You got me there, according to this site (below) it is exactly 3%.
http://www.cs.ruu.nl/wais/html/na-dir/autos/gasoline-faq/part1.html

> No--more like it cannot burn all of the oxygen it breathes in, so it cannot
> make as much power.

    As long as the fuel is completely burned, it shouldnt matter should it?  Seems
like you could have as much oxygen just sitting there as you want, it would just
not participate in the reaction.

>   For a given volume of fuel, a diesel produces roughly twice the
> >pressure as a gas engine right?
>
> Not at all--only place the pressure is higher is at the top of the
> compression stroke, prior to ignition/injection.

    But this is where the reaction occurs and where the temperature and pressure
are relevant.  In the other 3 strokes, the only thing affecting thermal effeciency
is thermal losses.  I was speaking in terms of the combustion, a diesel can see
20:1 where a gas engine might only see 10:1.  The diesel generates enough pressure
and heat to self-ignite the mixture!  Do you mean that after/during ignition, the
force/pressure generated by a gasoline reaction is greater than a diesel reaction?
Why would a diesel produce so much more torque then?

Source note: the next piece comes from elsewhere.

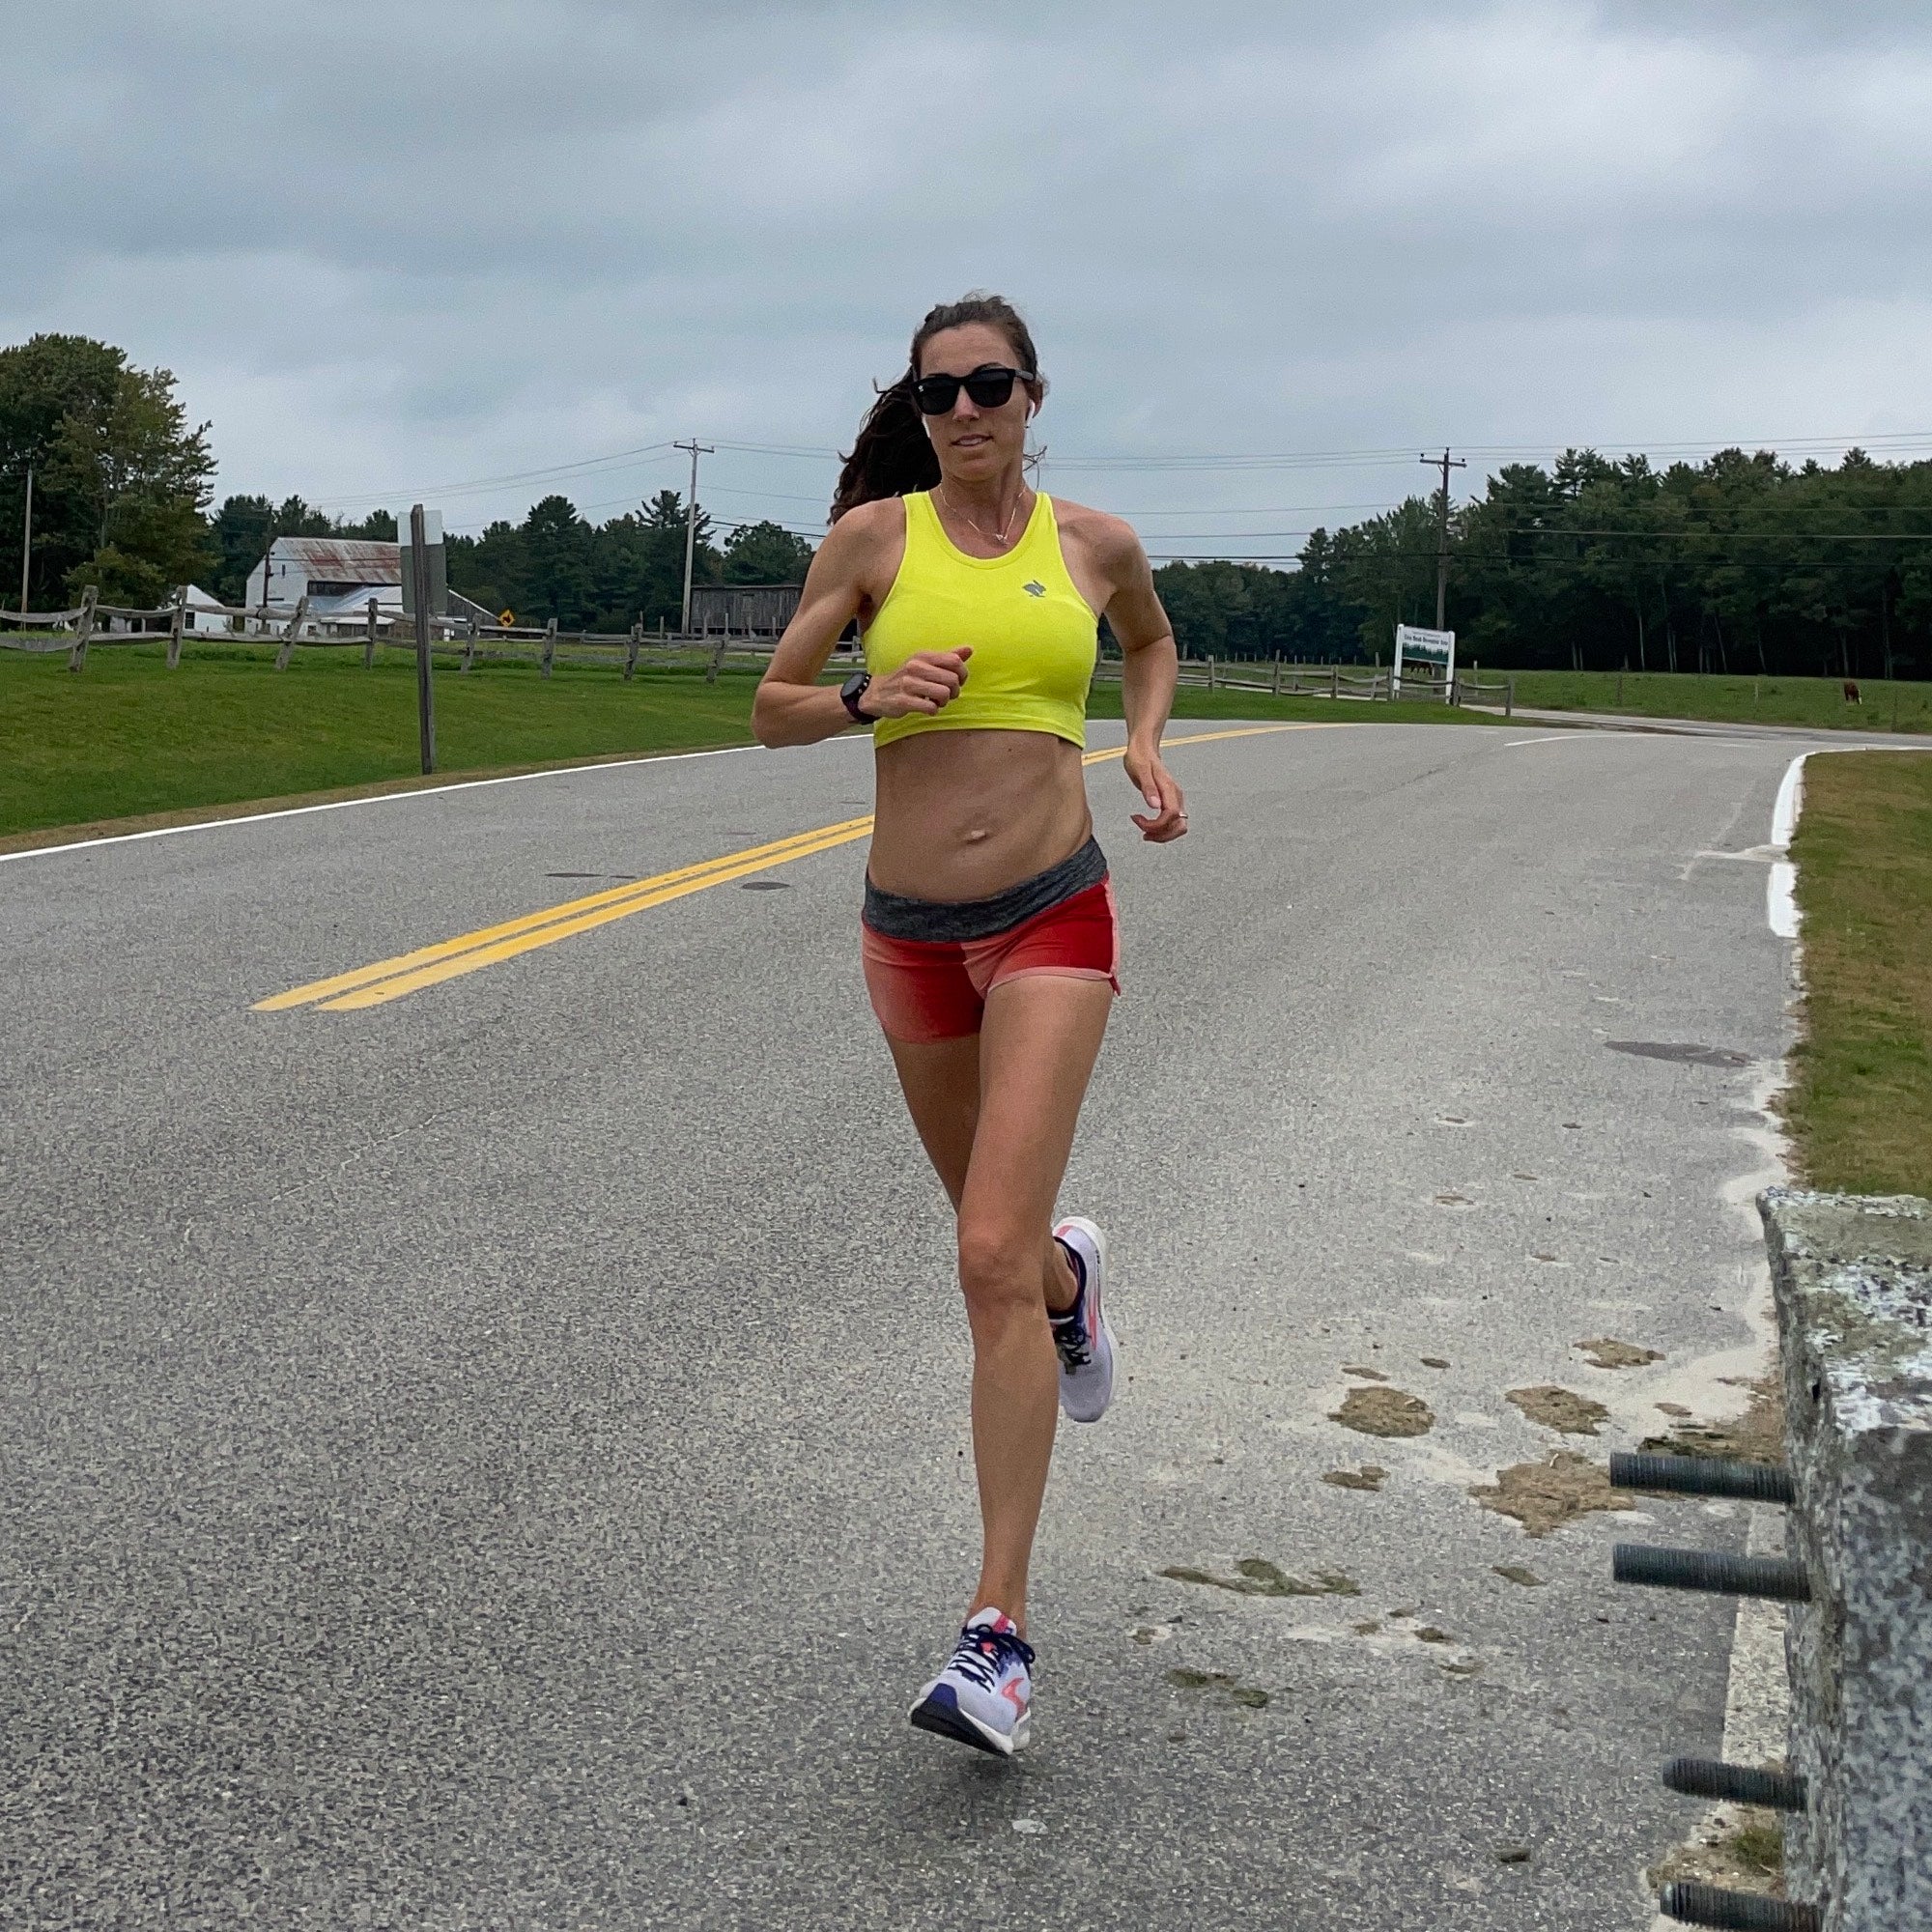 rabbitELITE Alexis Wilbert shares her mother runner x3 experiences and tips

> Where you goofed is by just applying pv=nrt.
>
> The power that you can (ideally) get out of a given amount of gas will
> always be limited by the (useful) delta T times the specific heat times the
> mass flow. The "useful" delta T is limited by the available expansion
> ratio. If the gas is losing heat to the water jacket as it expands, you
> will get less than the ideal amount of work out of it.

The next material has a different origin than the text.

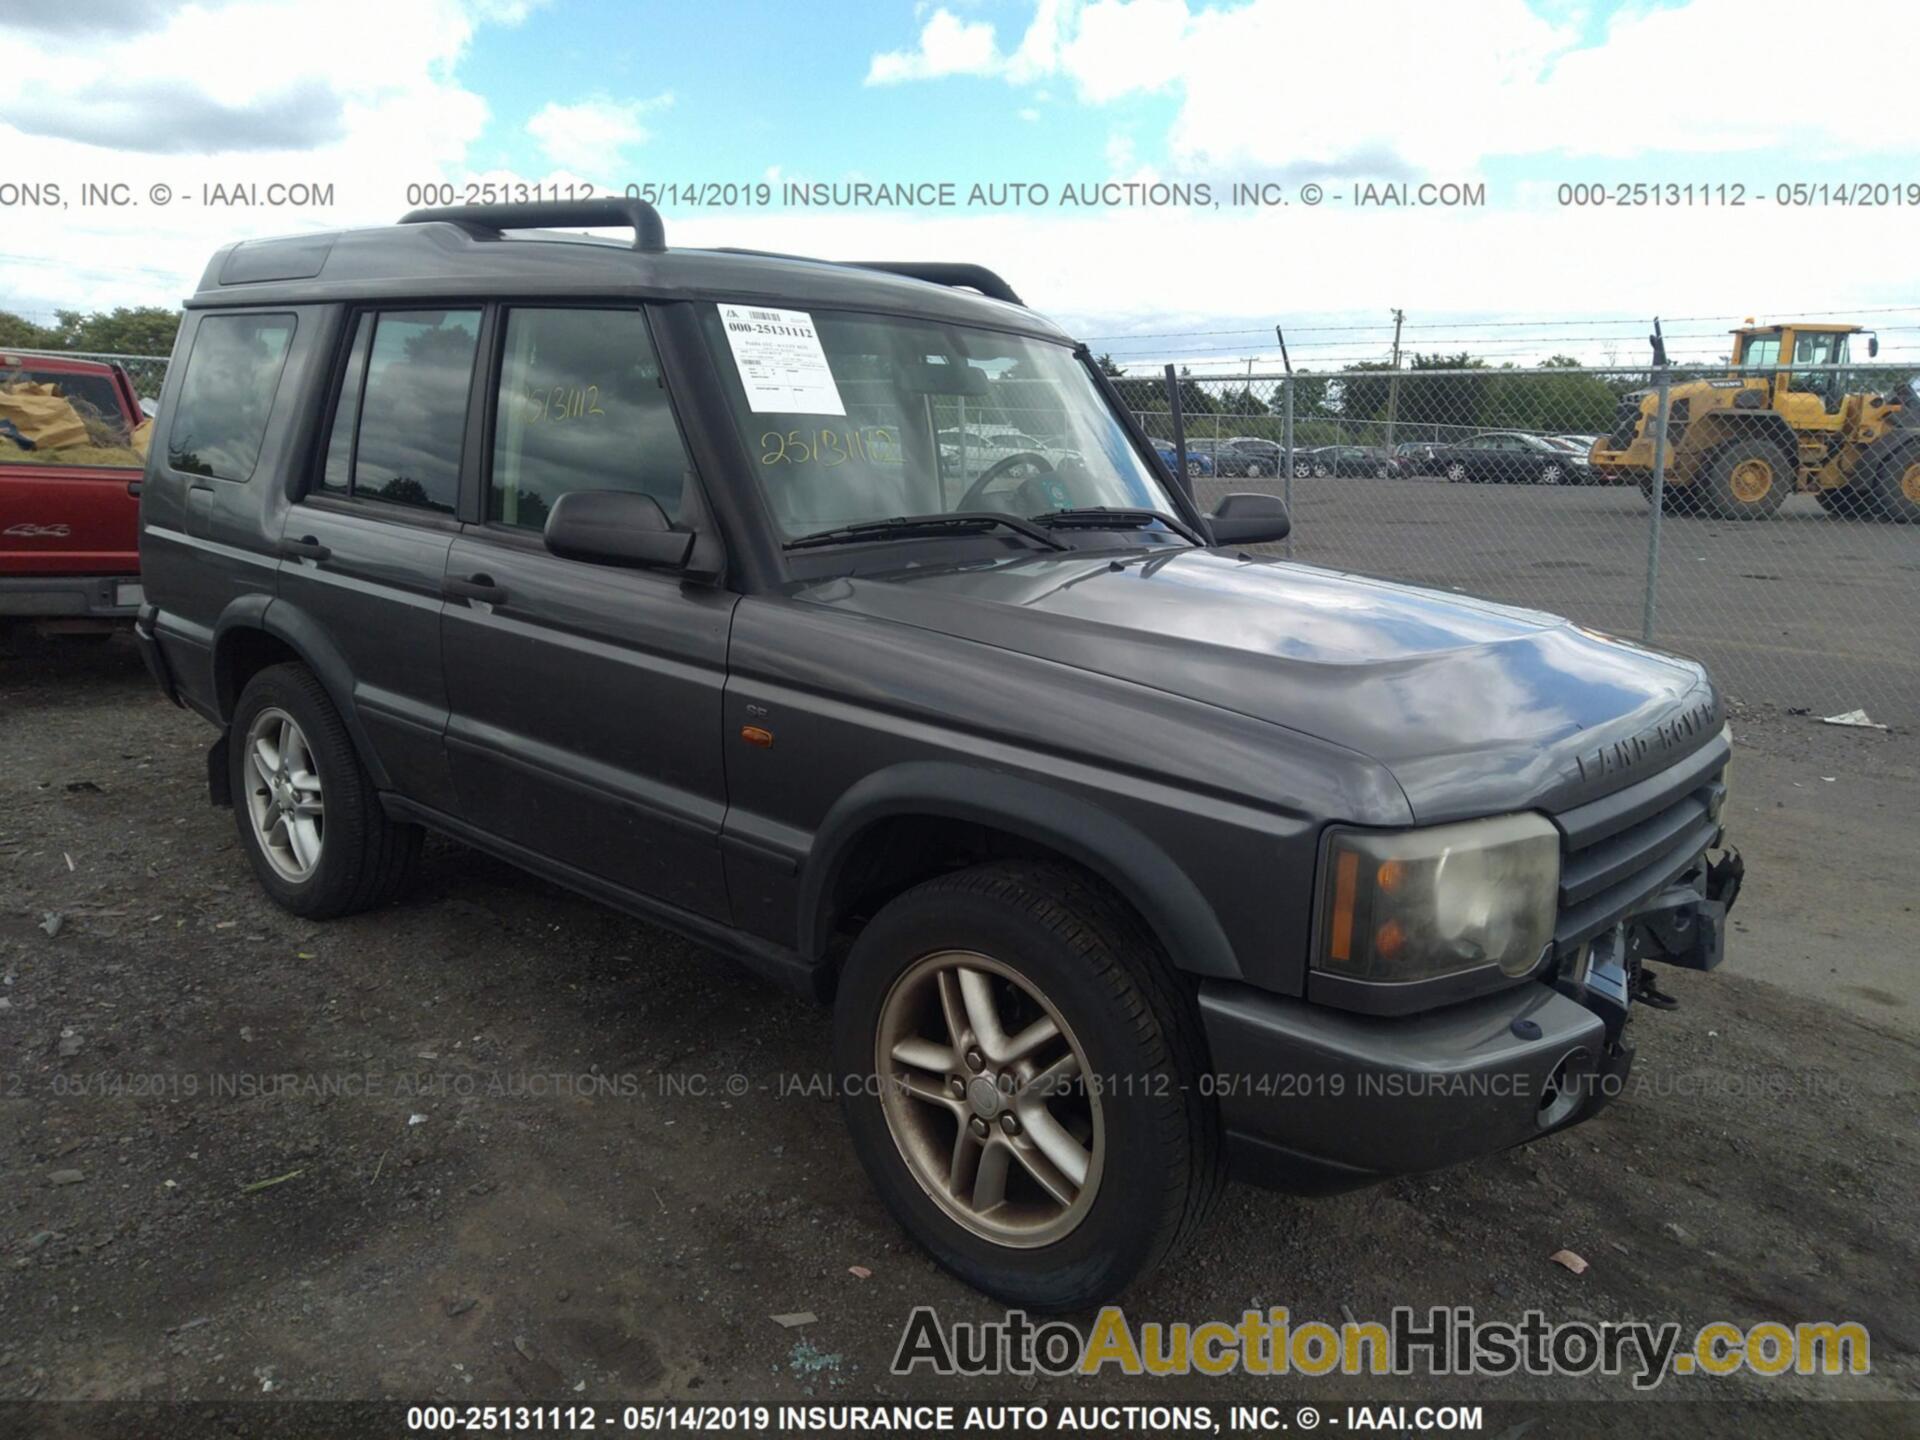 LAND ROVER DISCOVERY II, SALTY19404A839950

    Assuming the same types of thermal losses between the two, the diesel will
still retain twice as much heat because of the nearly doubled pressure.  Most of
the heat of these systems is lost to the water jacket and  exhaust system, but at
least they can compared given proportianate thermal losses.  I used pv=nrt just to
find temperature with regard to the volume and pressure of the system, I don't see
how it is not applicable (except that we are not dealing with an *ideal* gas).

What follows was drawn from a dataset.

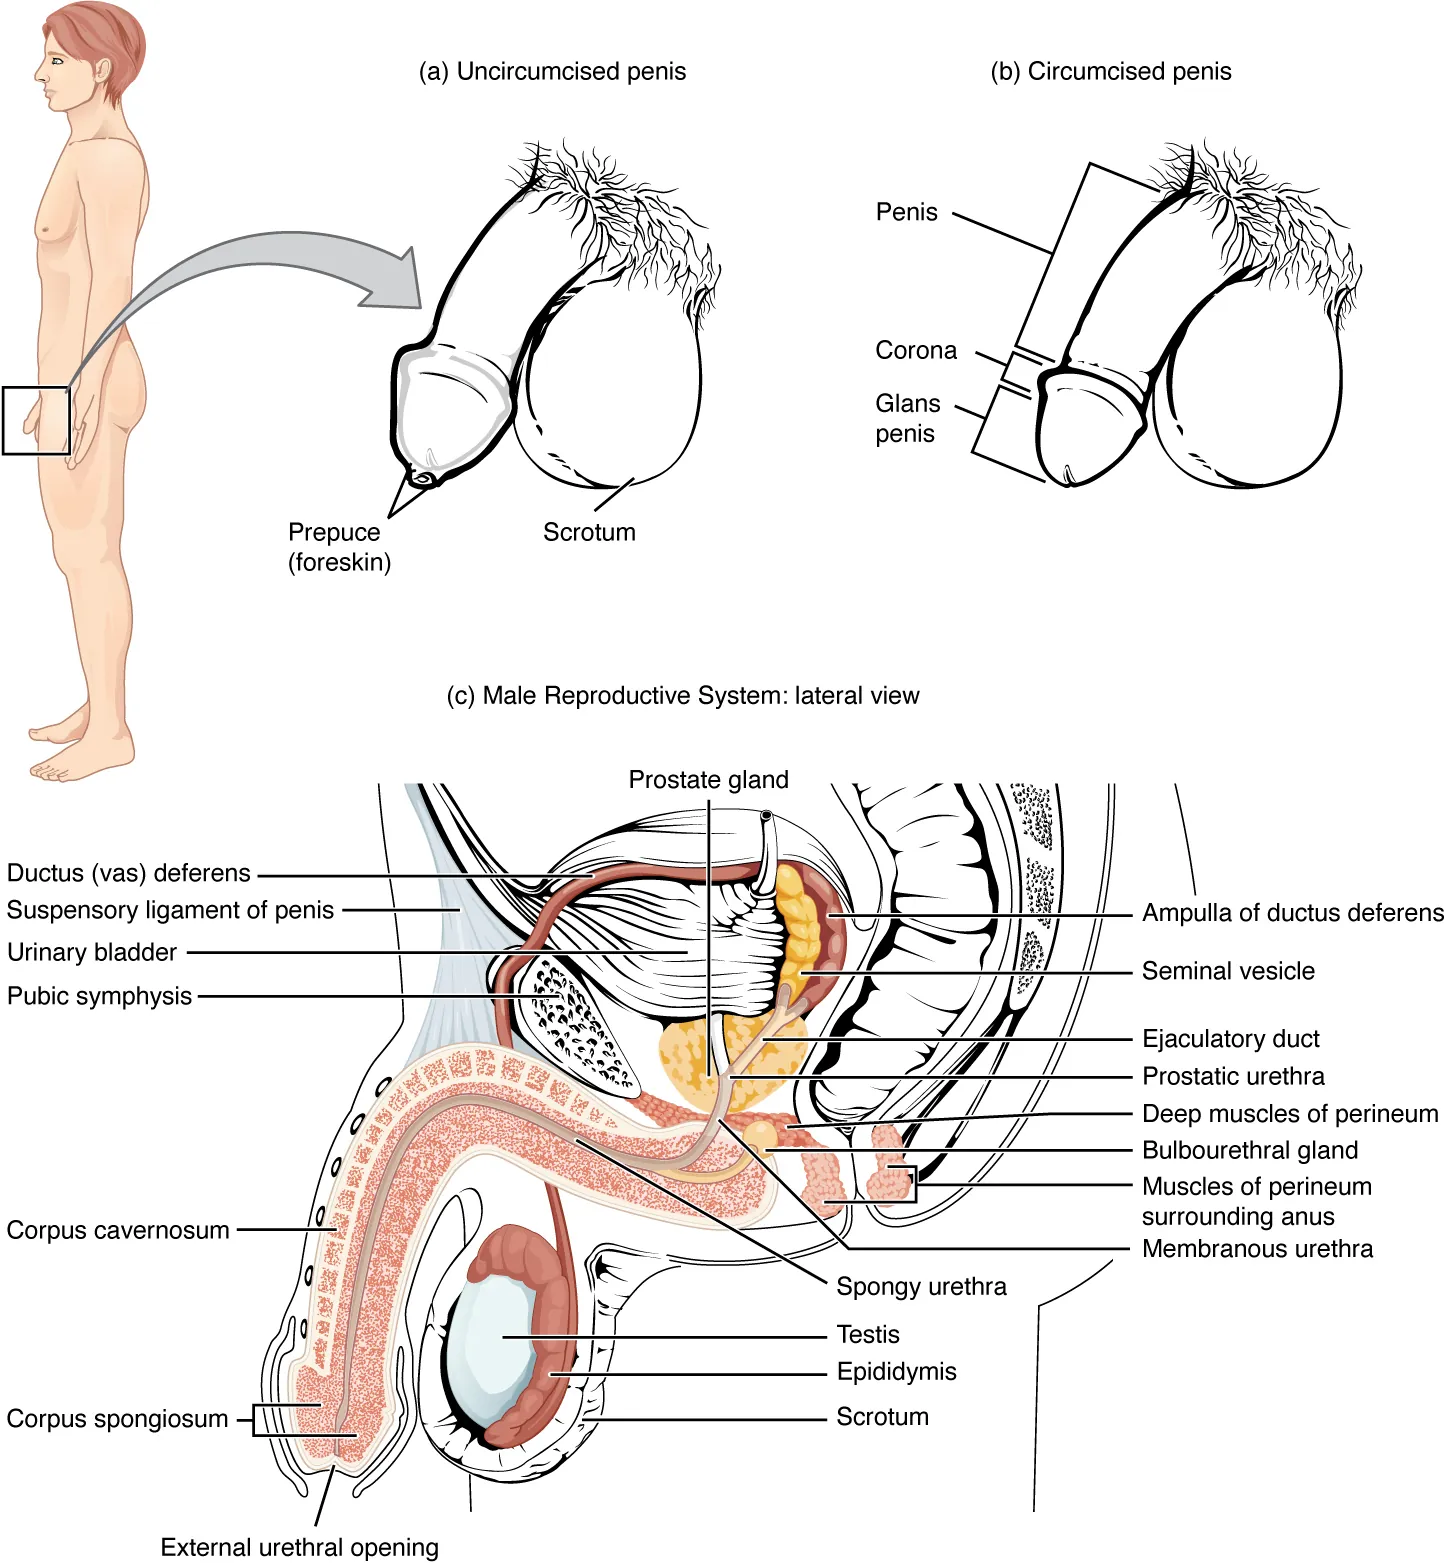 This figure shows the different organs in the testicular reproductive system. The top panel shows the side view of a man and an uncircumcised and a circumcised penis. The bottom panel shows the lateral view of the male reproductive system and the major parts are labeled.

> T1/T2= (P1/P2) exp (0.283) = (V2/V1) exp (0.4) ----These exponents are for
> air, and would change somewhat for different gasses. But plenty close
> enough to figure out how things work. Likewise--specifc heat varies with
> both pressure and temperature, but holding it constant is close enough to
> get a GOOD feel for how things work.

    Q=C(Tf-Ti).  I think we need to know the temperatures of the reactions and the
heat capacity of gas and diesel to be able to make and assumption.  According to
the equation, it could vary quite a bit assuming a large temperature difference.

> The ideal work out of a power stroke, W = (T1-T2) x (specific heat) x (mass
> flow).

My physics book defines work as the integral of p*dv, so the work done will be
proportional to the expansion ratio.

> As you can see from the first equation,  (V2/V1) ---the expansion ratio--
> determines how much delta T is possible with a given  engine design.
> But--since we are talking about RATIOS, a higher absolute T1  allows more
> work from a given mass flow at any given expansion ratio.

Right, the diesel sees a far greater t1 being that it self-ignites the fuel at this
point right?



> No, it does not!!
>
> A diesel sees a higher pressure at the top of its compression stroke than a
> spark (Otto) engine does, but then burns its fuel at a nearly CONSTANT
> pressure. Because it cannot burn at stoichiometric, and because it burns at
> constant pressure, its peak temps are not as high!

If it didnt see a higher peak temp, then why would diesel self-ignite?  By virtue
of the doubled pressure, due to cr, at tdc combined with the combustion reaction
the temp would have to be higher.  Why would the reaction be a constant pressure
reaction?  In any case, the pressure would increase during the reaction.


> An Otto cycle engine burns its fuel at a nearly constant VOLUME, and at an
> approximately stoich a/f ratio--therefore its peak pressure and temperature
> go quite a bit higher than a diesel's do!!!

This can't be right, "If the volume of a system (such as a gas) is held constant,
that system can do no work."  That being said, a constant volume reaction would do
no net work.


> These facts are exactly why an Otto cycle is inherently more efficient than
> a diesel cycle!!

I think I am missing something here, maybe just my flimsy grasp of the 1st law of
thermodynics.  But my automotive books do indicate that a diesel has greater
thermal efficiency, by virtue of maintaining more of the heat produced.

James Ballenger

btw, what do you guys have your word wrap set to?  Every message I write now seems
to come out with the wrong word wrap.